Trump seen as ‘moderator’ in world oil talks as he prepares to meet U.S. oil CEOs over price collapse
- President Trump told CNBC Saudi Arabia and Russia may soon announce a big production cut, sparking the biggest one-day jump in West Texas Intermediate oil futures ever.
- Analysts said Saudi Arabia and Russia would only go along with an agreement to cut 10 million barrels a day, or even 15 million barrels a day, if the U.S. industry join in the cuts.
- Trump meets with industry leaders Friday, and there is speculation they could be asked to curb production, something government has not regulated since 1970.
President Donald Trump speaks during a news conference in the Rose Garden of the White House in Washington, March 29, 2020.Al Drago | Reuters
President Donald Trump says Saudi Arabia and Russia could soon agree to a big cut in oil production, but energy analysts say a lot of levers would have to be pulled to make that happen.
Such a deal might possibly even include an unprecedented deal involving the U.S. oil industry.
Trump meets with U.S. oil industry executives at the White House Friday, and there's some speculation the president could ask the industry for help curb production. The industry meets as producers struggle with falling demand and low prices. The agenda is reportedly expected to include discussions about federal storage of oil, tariffs on foreign oil, and drilling on public land.

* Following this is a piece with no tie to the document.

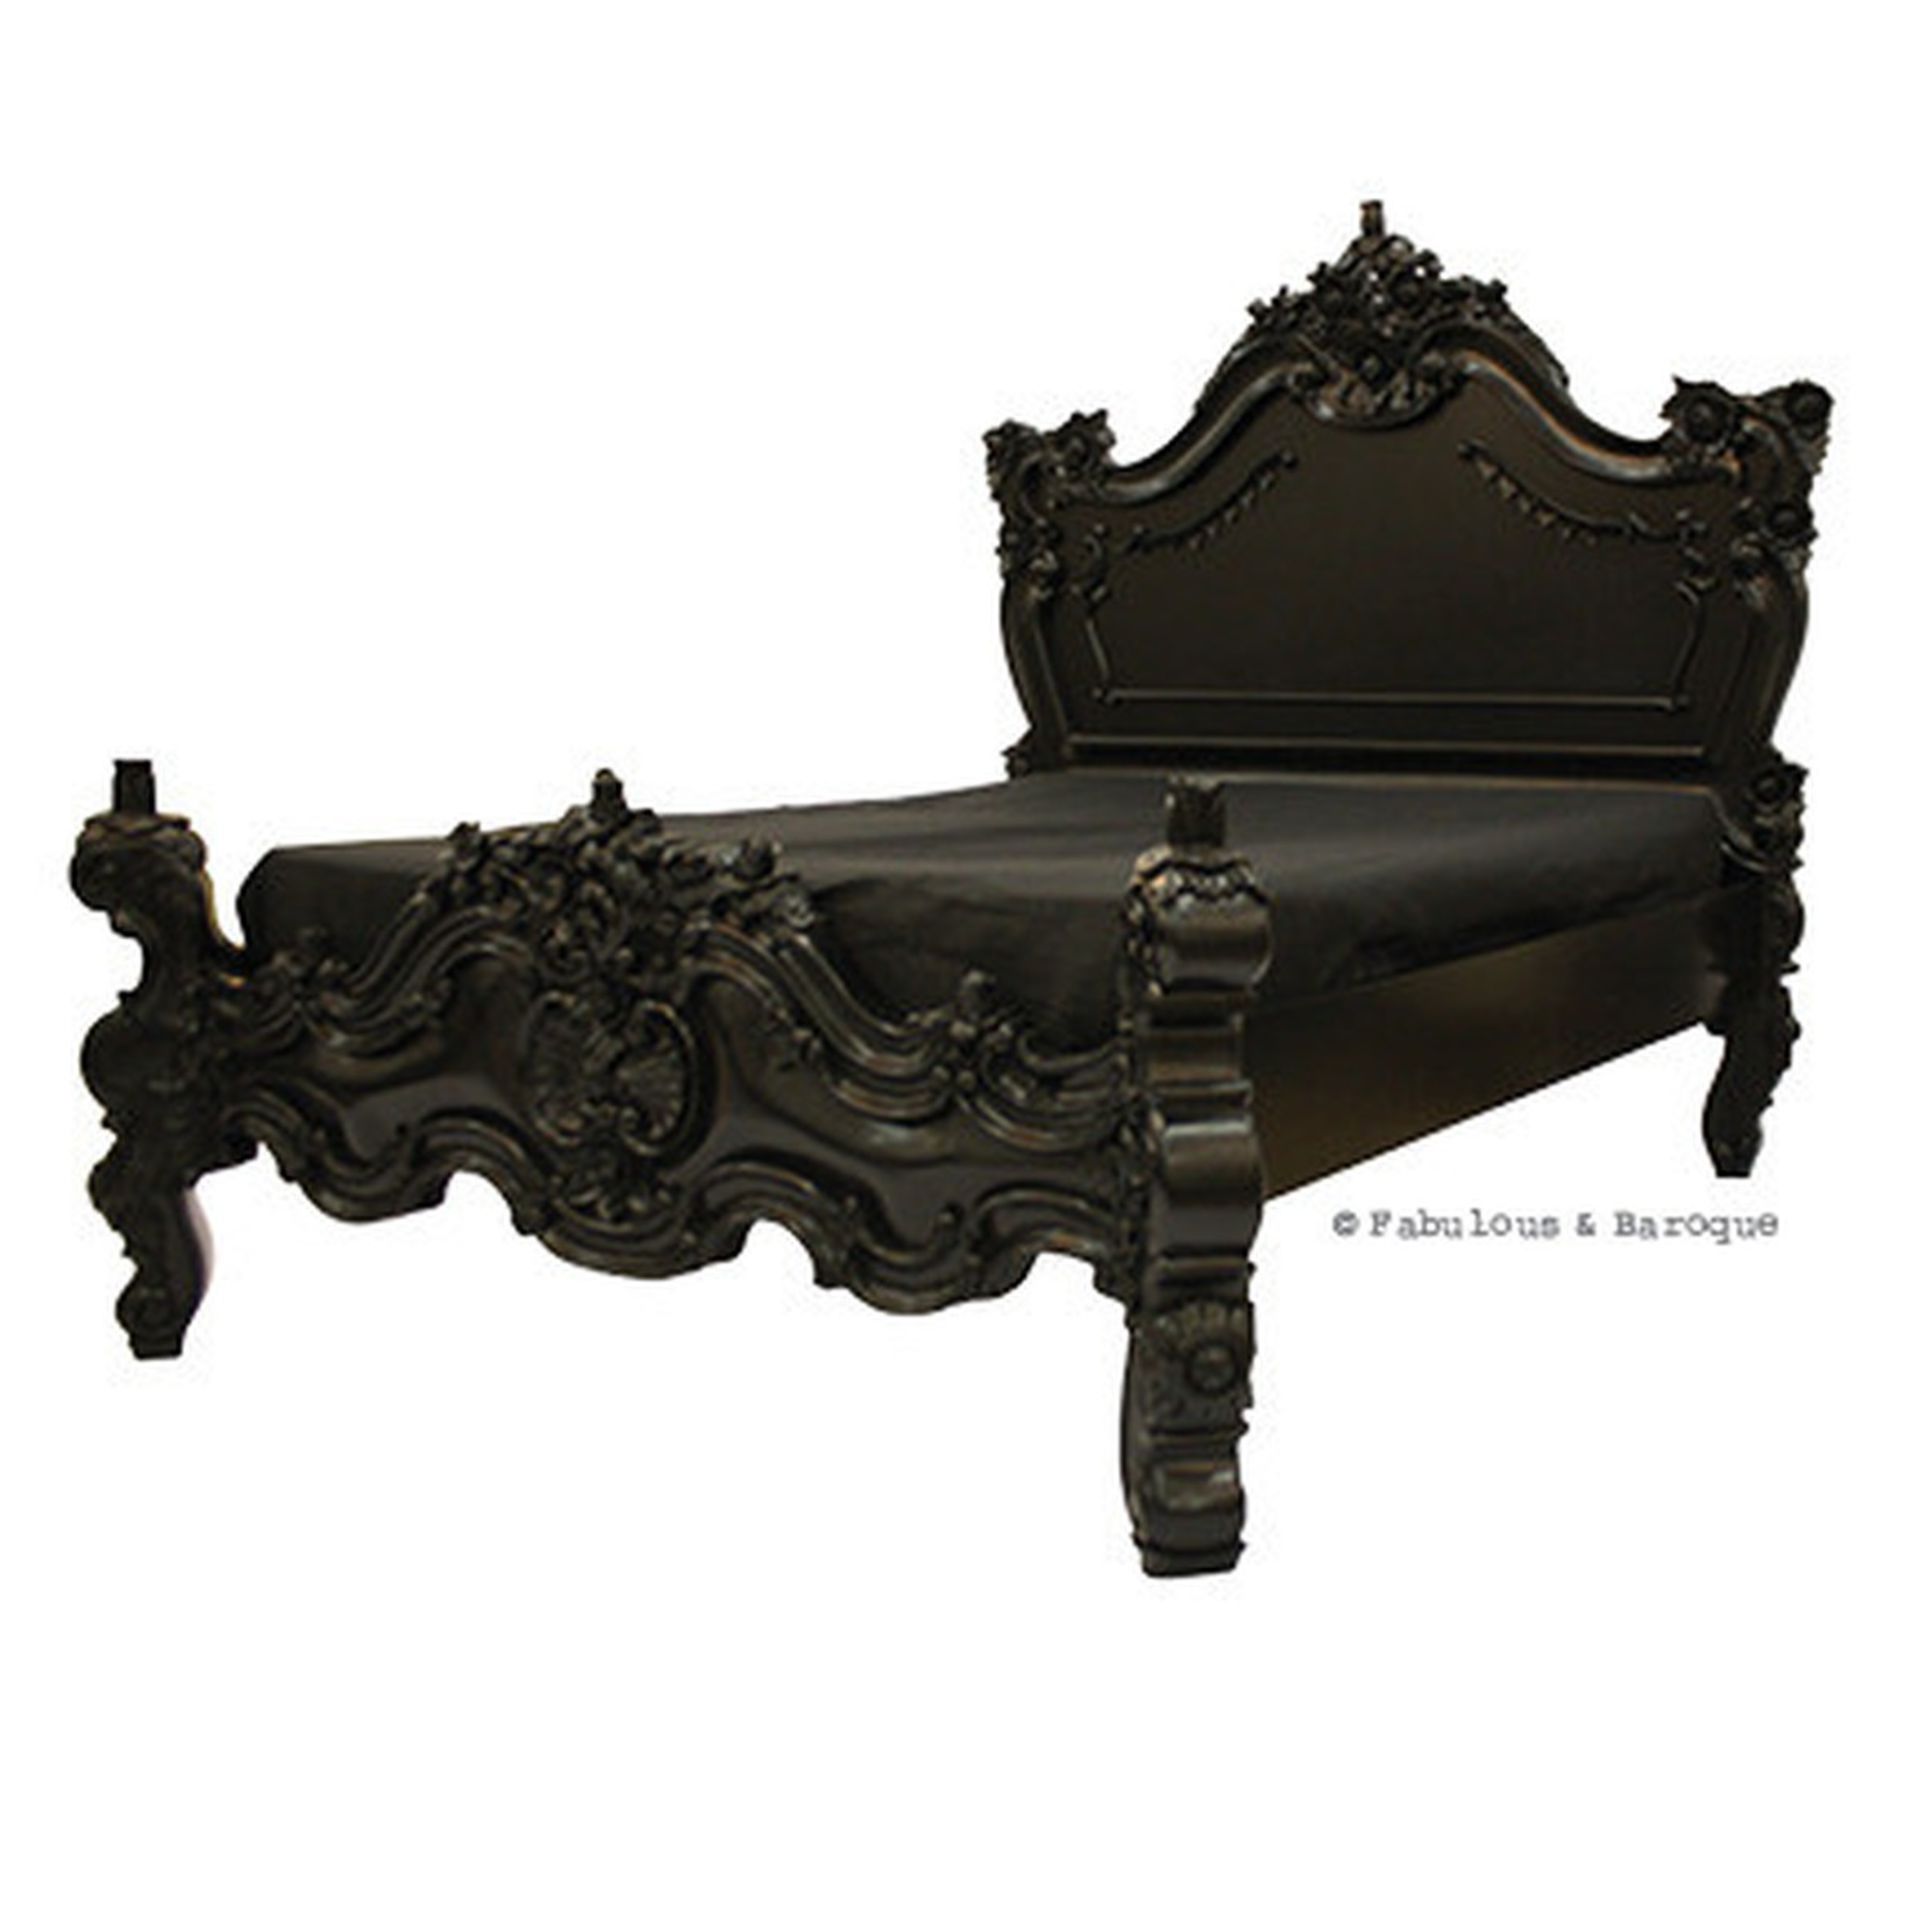 Brand new single Baroque Bed In Black With its intricate and elaborate carvings, this luxurious

The president earlier Thursday tweeted and told CNBC's Joe Kernen that he expects Saudi Arabia and Russia to get together and announce a production cut of 10 million barrels a day, or even 15 million barrels.
"As far as the Saudis and the Russians are concerned, it's a global deal and the U.S., as the largest producer, has to be part of the deal," said Daniel Yergin, vice chairman of IHS Markit. "That's the way they see it. We see it as more complicated. That would probably be a topic at the White House."
In response to Trump's comments, oil prices bounces nearly 30%, but West Texas Intermediate and Brent futures gave up some initial gains. West Texas Intermediate crude futures surged 24.67% to settle at $25.32 per barrel, for its largest single-day percentage gain in history.
"Getting a coalition of the willing together remains a challenge," said Helima Croft, head of global commodities at RBC. "What we know is the Saudis were looking at this through the lens of the financial crisis and believe they needed a response commensurate to 08/09. The question is can Trump put together the package that gets them to do that?"
For the U.S., it would be unprecedented in the last half century for government to regulate oil production, as the Texas Railroad Commission last did it in 1970, Yergin said. The U.S., however, has only been permitted by the federal government to export oil for the past four years.
"There's a lot of skepticism about this in the market," said John Kilduff, partner with Again Capital. "The numbers are just too large for starters. The Saudis have made it clear they are not going to shoulder the burden alone. It's going to require a lot of chip in from a lot of disparate players that don't like to play together. The Saudis are going to require a U.S. role."
U.S. production was at the heart of a disagreement between Russia and OPEC that led to the end of a three-year agreement to limit production in early March. The OPEC plus group cut back, but the U.S. industry continued to pump oil into an oversupplied market. Saudi responded by upping its own production, and in the month of March, Brent prices fell 54%.
Trump has now inserted himself into the battle, but so have some members of the U.S. energy industry, including the Texas Railroad Commission. The president spoke to Russian President Vladimir Putin about the oil market earlier this week, and in a tweet he said he spoke to Saudi Arabia Crown Prince Mohammed bin Salman.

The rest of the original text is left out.